Impedance matching is tricky, but the role of a quarter wave transmission line is to map from one impedance to another. The actual impedance of the line will not match either the input or the output impedance - this is entirely expected.
However at a given frequency, when a correctly designed quarter wave line is inserted with the correct impedance, the output impedance will appear to the input as perfectly matched. In your case, the transformer will make the \$20\Omega\$ impedance appear as if it is a \$100\Omega\$ impedance meaning no mismatch. Essentially it guides the waves from one characteristic impedance to another.
The easiest way to visualise this is on a Smith chart, plot the two points 0.4 (\$20\Omega\$) and 2 (\$100\Omega\$). Then draw a circle centred on the resistive/real axis (line down the middle) which intersects both points. You will find that this point is located at 0.894 (\$44.7\Omega\$) if your calculations are correct. This is shown below at \$500\mathrm{MHz}\$, but the frequency is only important when converting the electrical length to a physical length.
What a quarter wave transformer does is rotate a given point by \$180^\circ\$ around its characteristic impedance on the Smith chart (that's \$\lambda/4 = 90^\circ\$ forward plus \$90^\circ\$ reverse).
Exactly why it does this is complex. But the end result of a long derivation is that for a transmission line of impedance \$Z_0\$ connected to a load of impedance \$Z_L\$ and with a length \$l\$, then the impedance at the input is given by:
$$Z_{in}=Z_0\frac{Z_L+jZ_0\tan\left(\beta l\right)}{Z_0+jZ_L\tan\left(\beta l\right)}$$
That is an ugly equation, but it just so happens if the electrical length \$\beta l\$ is \$\lambda/4\$ (\$90^\circ\$), the \$\tan\$ part goes to infinity which allows the equation to be simplified to:
$$Z_{in}=Z_0\frac{Z_0}{Z_L}=\frac{(Z_0)^2}{Z_L}\rightarrow Z_0=\sqrt{\left(Z_{in}Z_L\right)}$$
Which is where your calculation comes from.
With the quarter wave transformer in place, the load appears as matched to the source. In other words, the transformer matches both of its interfaces, not just the input end.
You can also see from this equation why the transformer only works for a single frequency - because it relies on the physical length being \$\lambda/4\$. You can actually (generally using advanced design tools) achieve an approximate match over a range of frequencies - basically a close enough but not exact match.
Short answer
The maximum power transfer theorem tells you how to maximise the power delivered to the load given a source impedance.
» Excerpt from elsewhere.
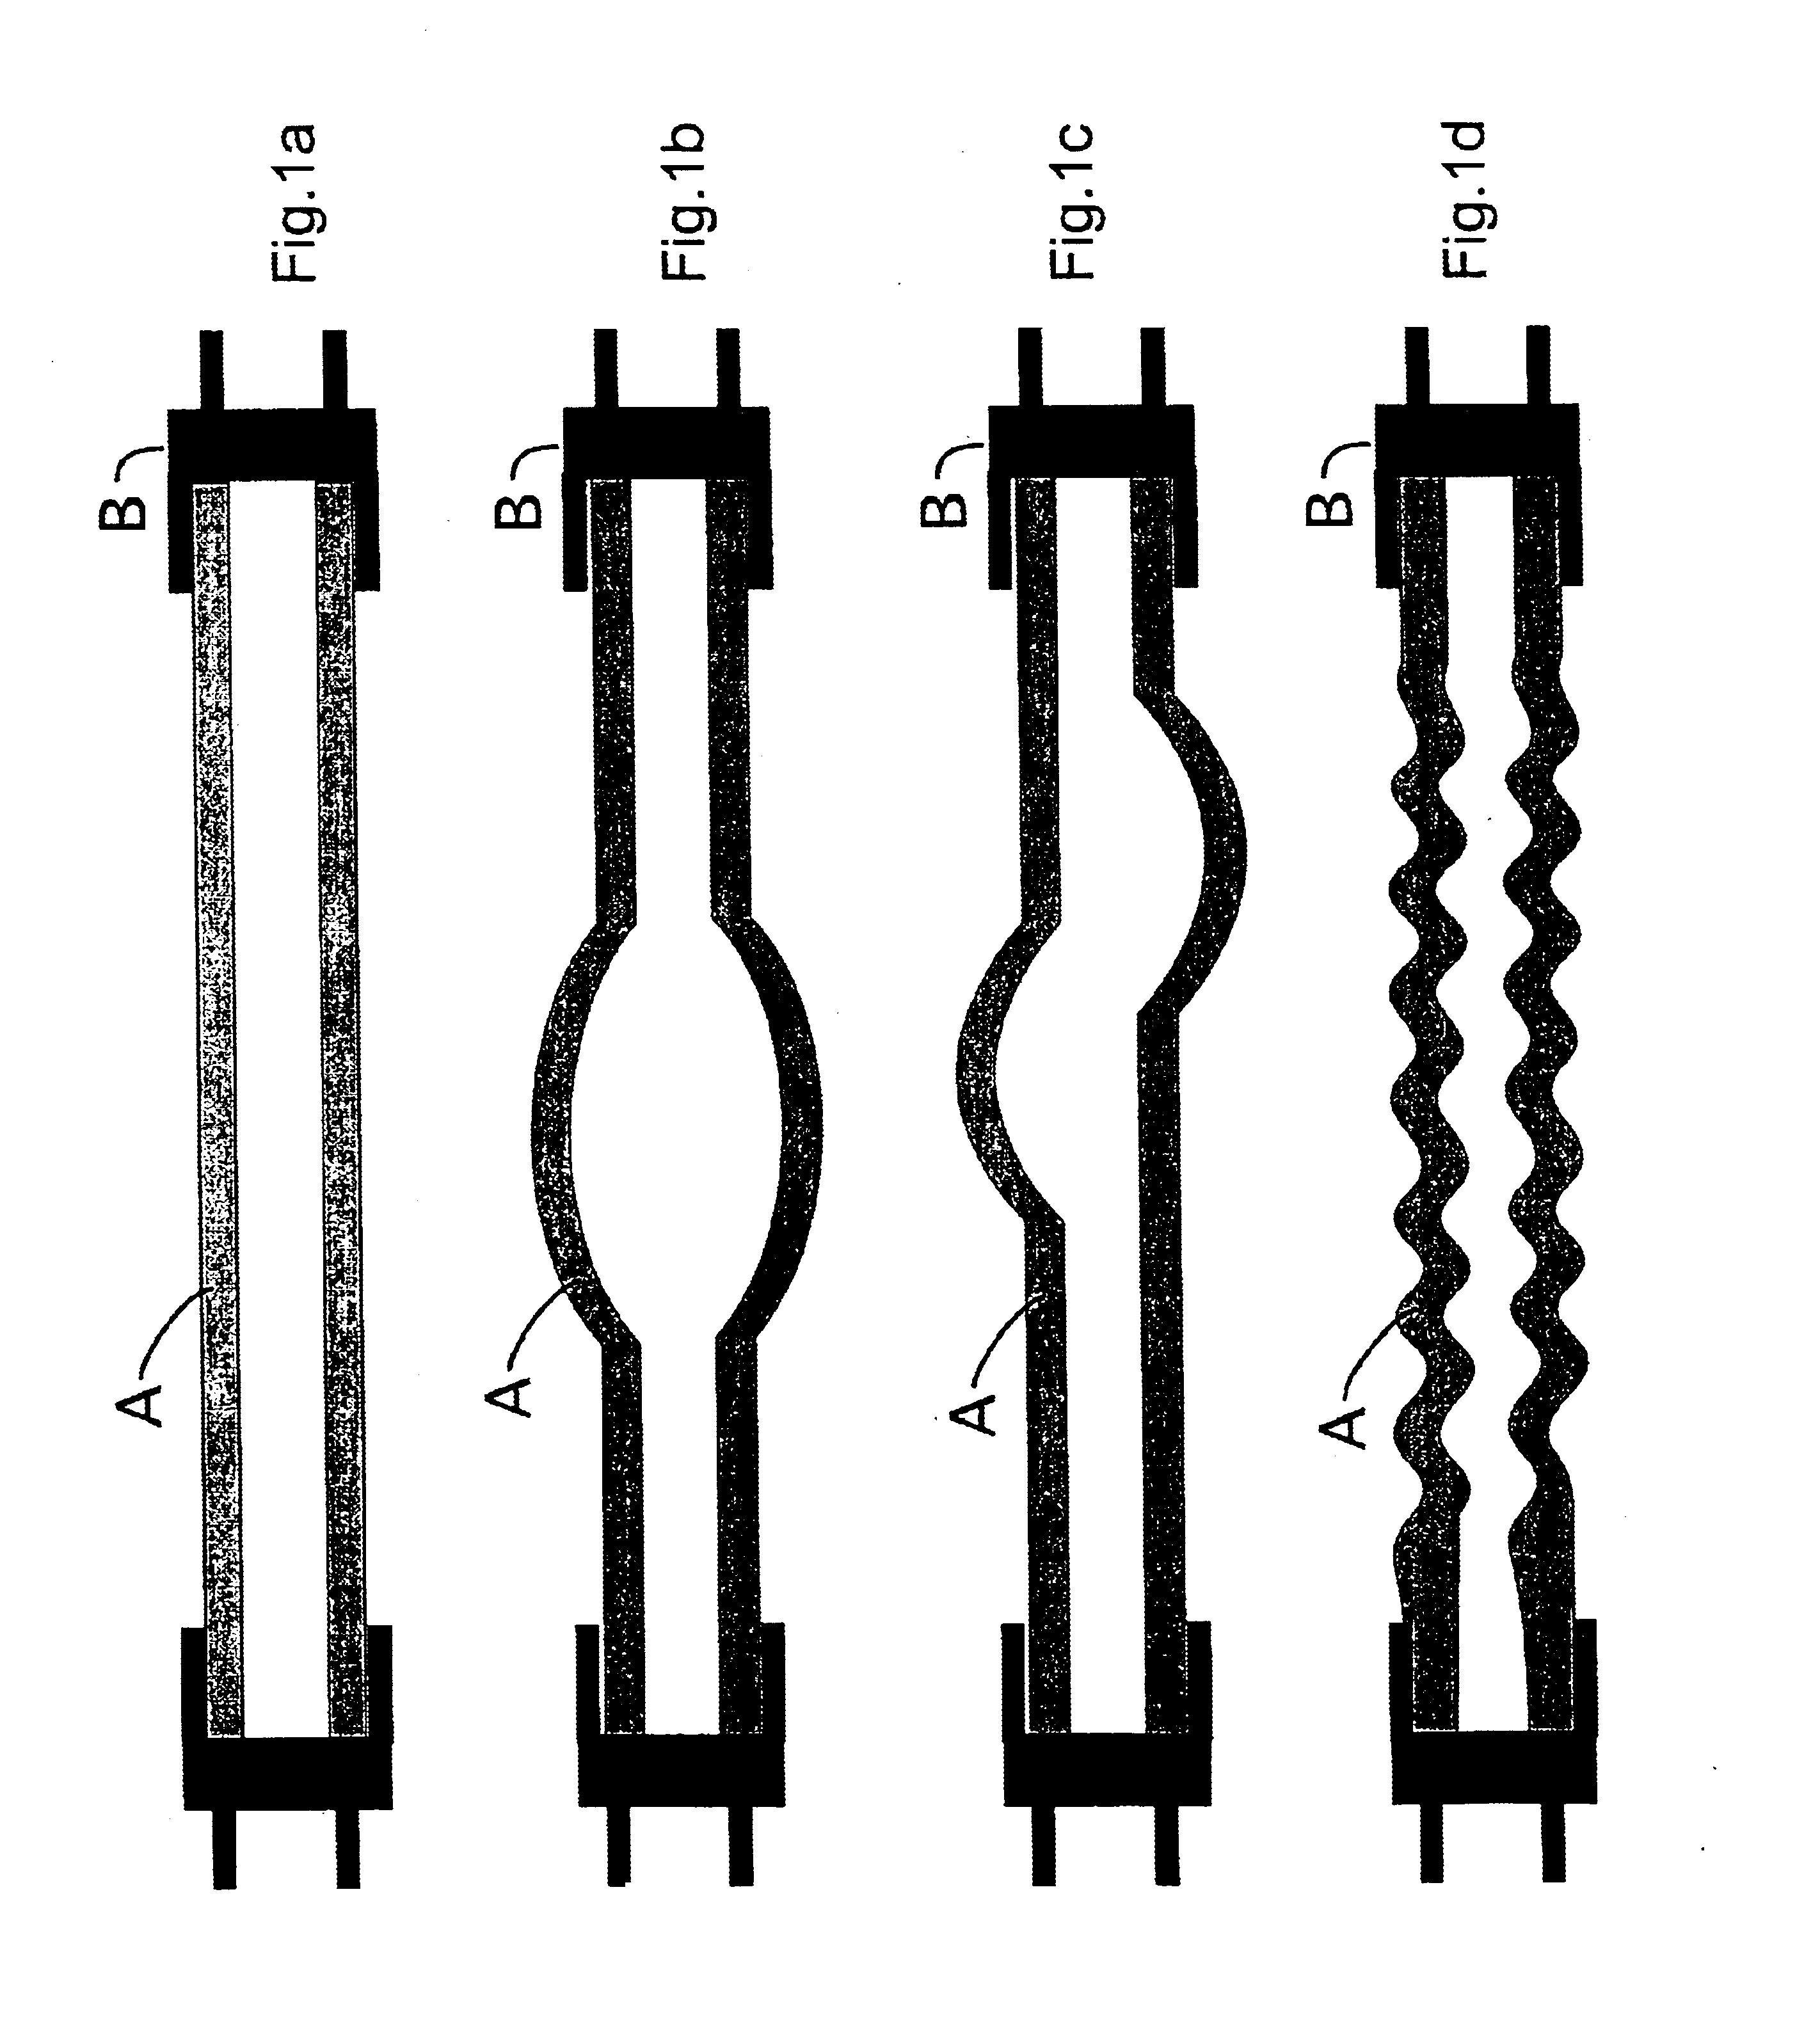 Method of producing structures using centrifugal forces

In you scenario the load would be transmisiĆ³n line + \$ Z_L = Z_{in} \$ which can be equal \$ Z_t^*\$ regardless of what the value of \$ \tau \$ is. but in order minimice the power dissipated by the lossy transmission line (or maximice the one dissipated by the load) you also have to match this impedances to get no reflected wave.
Long answer
Let me first consider the lossless transmission line case. this is $$real \ Z_0,
\quad Z_{in} = \frac{Z_L +Z_0 j tan(\beta d)}{Z_0 +Z_L j tan(\beta d)} $$
Since the line is lossless, all the power that enters into it will be dissipated by the load at the end, so in order to maximice this power entering to the transmission line we use the maximum power transfer theorem, which states that, given an internal impedance of a voltage source, in order to maximise the power transfer the impedance seen by the system (voltage source + internal impedance) should be equal to the source internal impedance, this means $$Z_{in} = Z_t $$
Given a load \$Z_L \$ there are two scenarios in where this is achieved:
- Finding a combination of Z_0 and \$d\$ that ends up with \$Z_in = Z_t \$ at the other side of the transmission line (an example of this would be the quarter-wave impedance transformer)
- choosing \$Z_0 = Z_L = Z_t\$
Both will guarantee maximum power transfer for a lossless transmission line. note that in the first case, you won't get \$\tau = 1 \$, there will be reflection at the line/load interface.
That been said, now we can address the problem of a lossy transmission line as the one you described. The problem remains essentially the same, the only way of extracting the maximum power from the source is getting \$Z_{in} = Z_t^* \$ as before, so both scenarios seem to be the same. Nevertheless, now it isn't true that all this power will be entirely dissipated by the load, you have to take into account the losses of the transmission line. In order to minimice this losses, you have eliminate the reflected wave. So the second scenario would be optimal $$Z_0 = Z_L = Z_t^* $$.
Best Answer
When you match to complex valued loads the matching for zero power reflection states that the impedance seen from your complex-valued load (\$100+50j\$) has to be its complex conjugate (\$100-50j\$).
This is because that way we would be satisfying the max. power theorem, and, at the same time, getting rid of the imaginary part of your load.